Ewuś trzymaj się dzielnie i koniecznie zmień lekarza, to nie do pomyślenia, żeby tak traktować ciężarną , wzywać, odsyłać, denerwować i to mamę bliźniąt jestem generalnie oburzona, powinnaś się nawet na nią poskarżyć, bo na pewno ma swojego szefa(skoro jest w szpitalu). Trzymam kciuki żeby było lepiej i odpocznij...


Widzę, że zrobiłam zamieszanie z tym tematem uprzejmości kolejkowych... Miło że się zainteresowałyście, choć z tego co piszecie w większości przypadków, nie mamy przywilejów... No nic ja liczę jednak w przyszłości chociaż nieco na ludzką, zwyczajną uprzejmość i zainteresowanie, samej mi brakuje siły przebicia i domagania się swoich praw, ale jak jestem z moim mężem to on interweniuje zawsze...
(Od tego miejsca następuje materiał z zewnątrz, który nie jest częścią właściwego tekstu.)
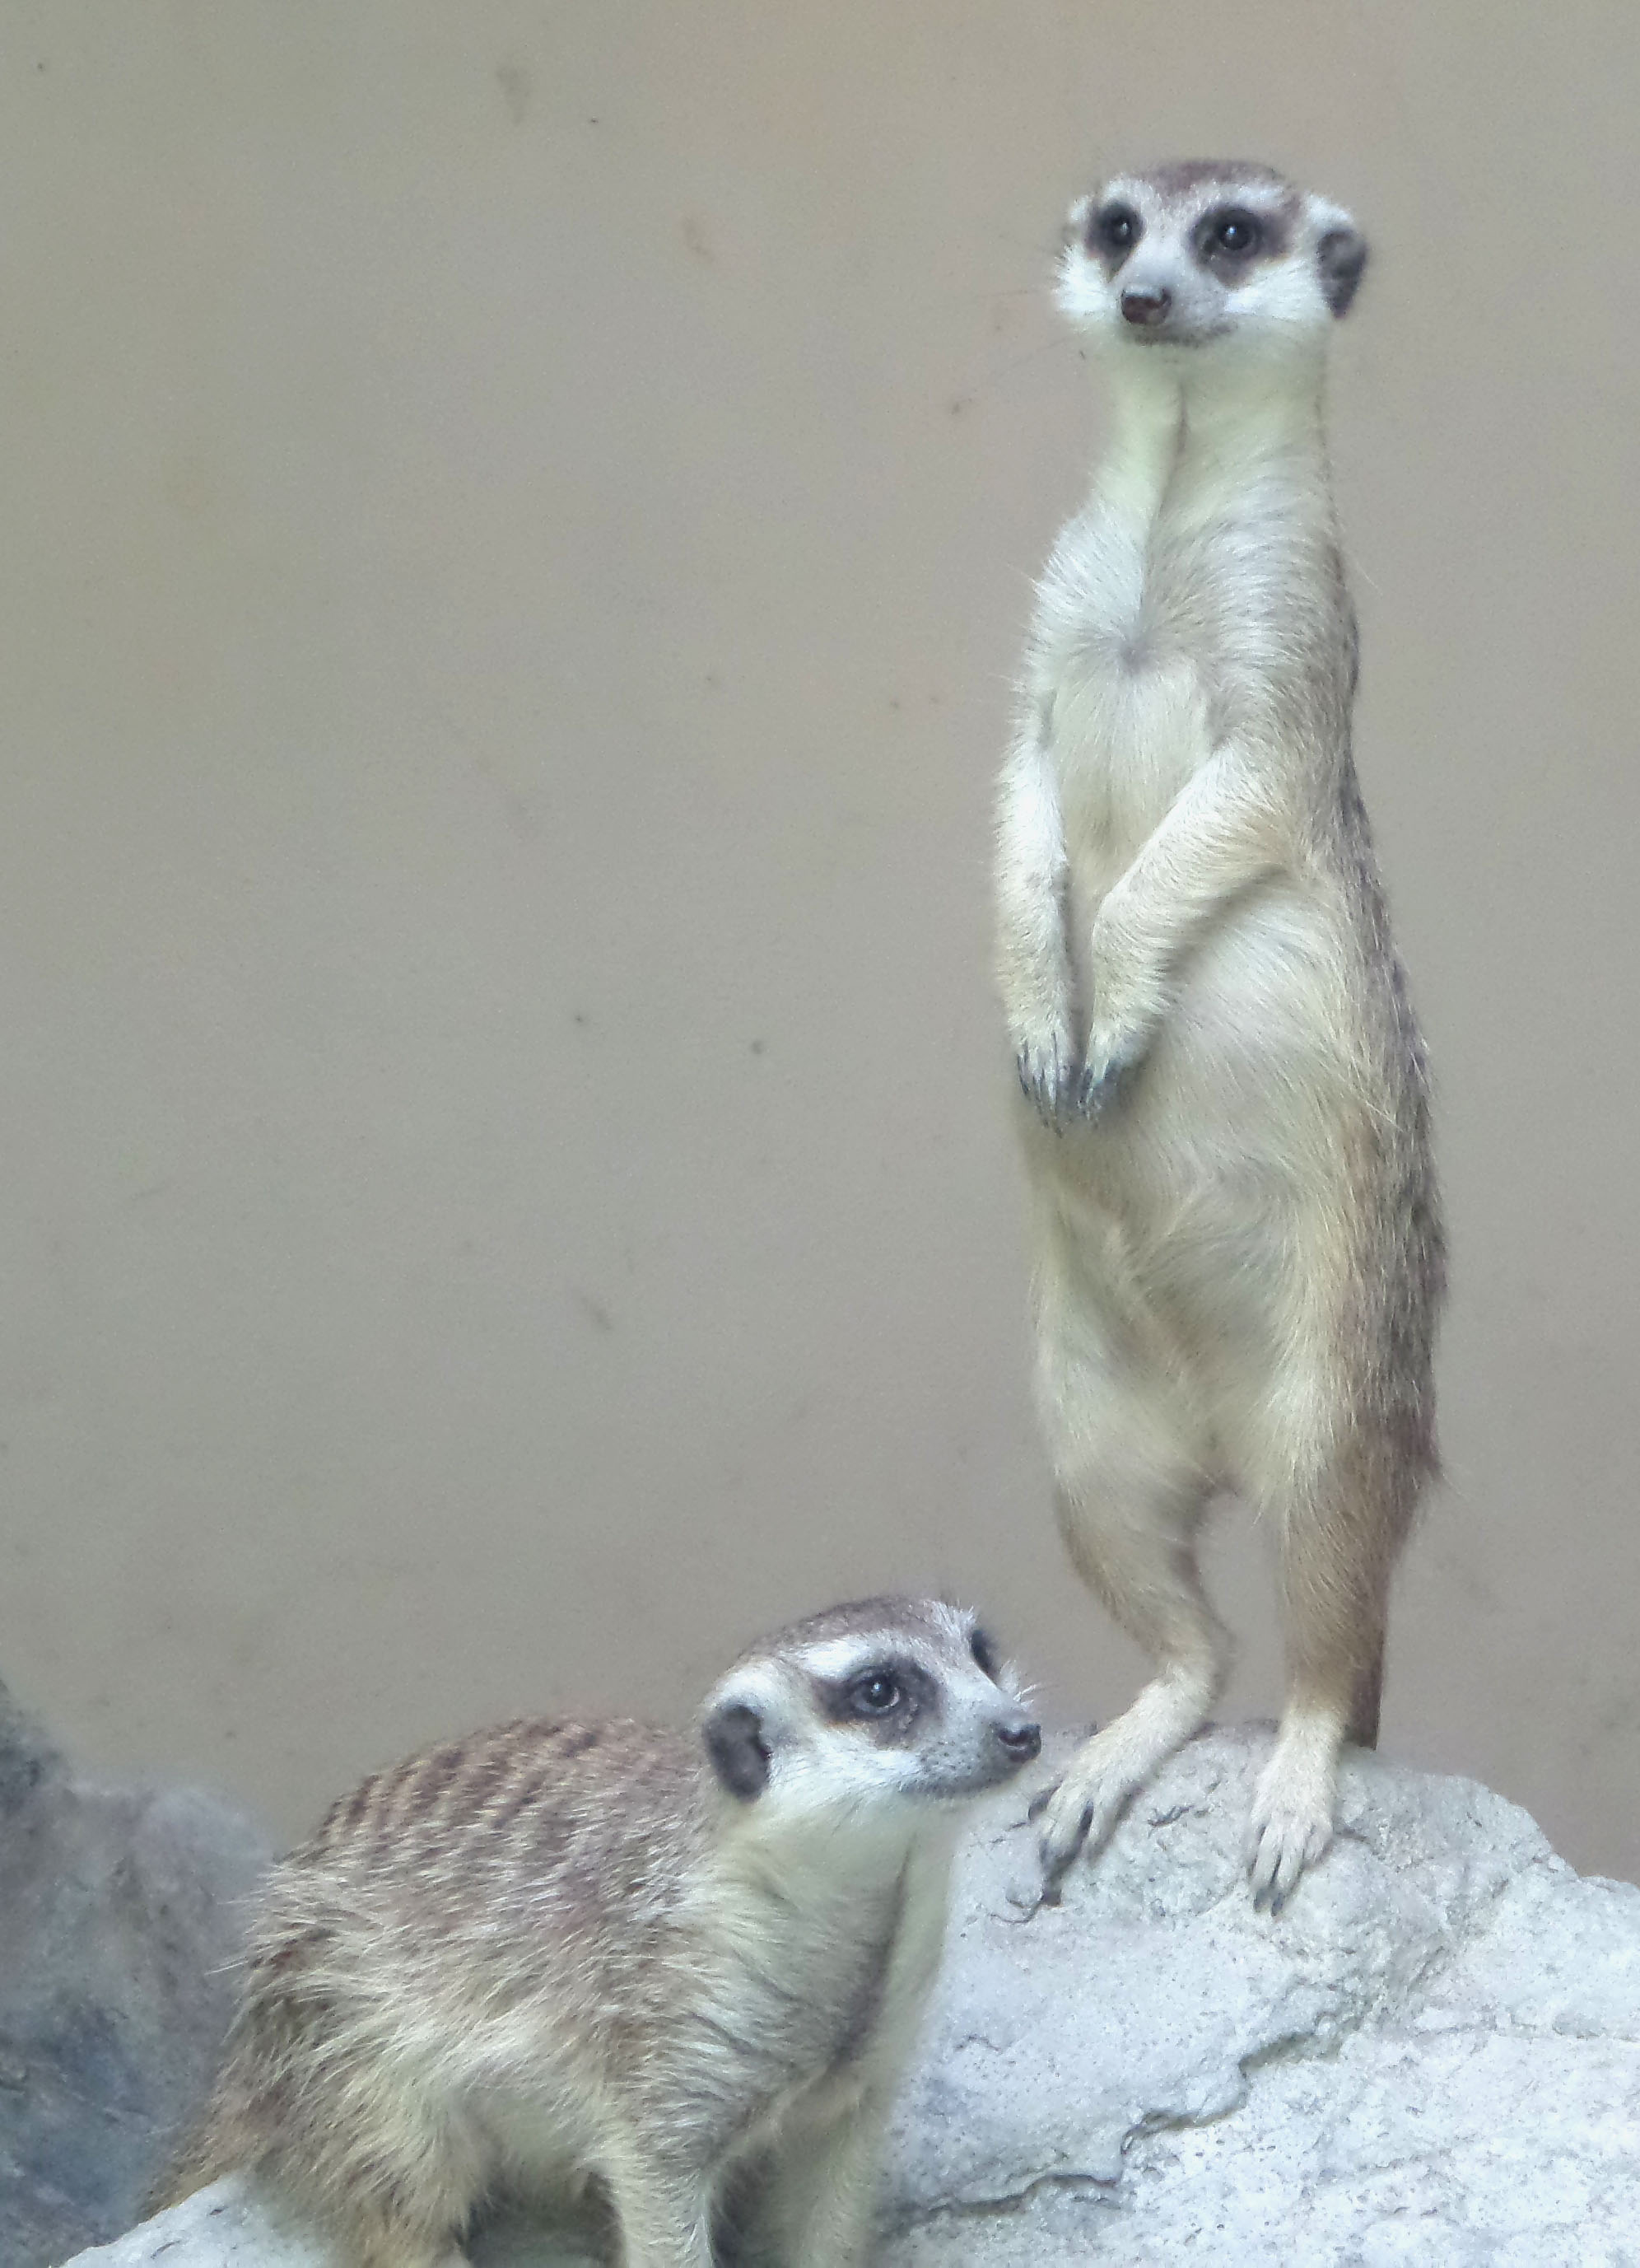 Meerkats, African, Alert, Guarding, Mammals, HQ Photo

Pozdrawiam i idę dalej robić kapustę( będą pierogi albo łazanki, jeszcze nie wiem ) hehe
 
reklama
madzia842 szczerze jeśli będziesz miała cesarkę to nie licz na poród rodzinny bynajmniej u mnie c.c jest traktowane jak normalna operacja i w życiu nie ma mowy choćbyś zapłaciła milion dolarów,żeby ktoś oprócz lekarzy,obslugi medycznej był na sali

ja będę rodzic w poznaniu i u nich bycie bliskiej osoby przy cesarce to chleb powszedni, dowiadywałam się. Jeśli tylko cesarka będzie w znieczuleniu innym niz ogólne i będzie z góry palnowana to wystarczy zapłącić 150 zł i mąż może uszestniczyć. Co innego jak zaczynasz rodzić normalnie i coś się dzieje, wtedy robią cc zeby ratowac życie to wtedy nie ma mowy o takim rozwiązaniu.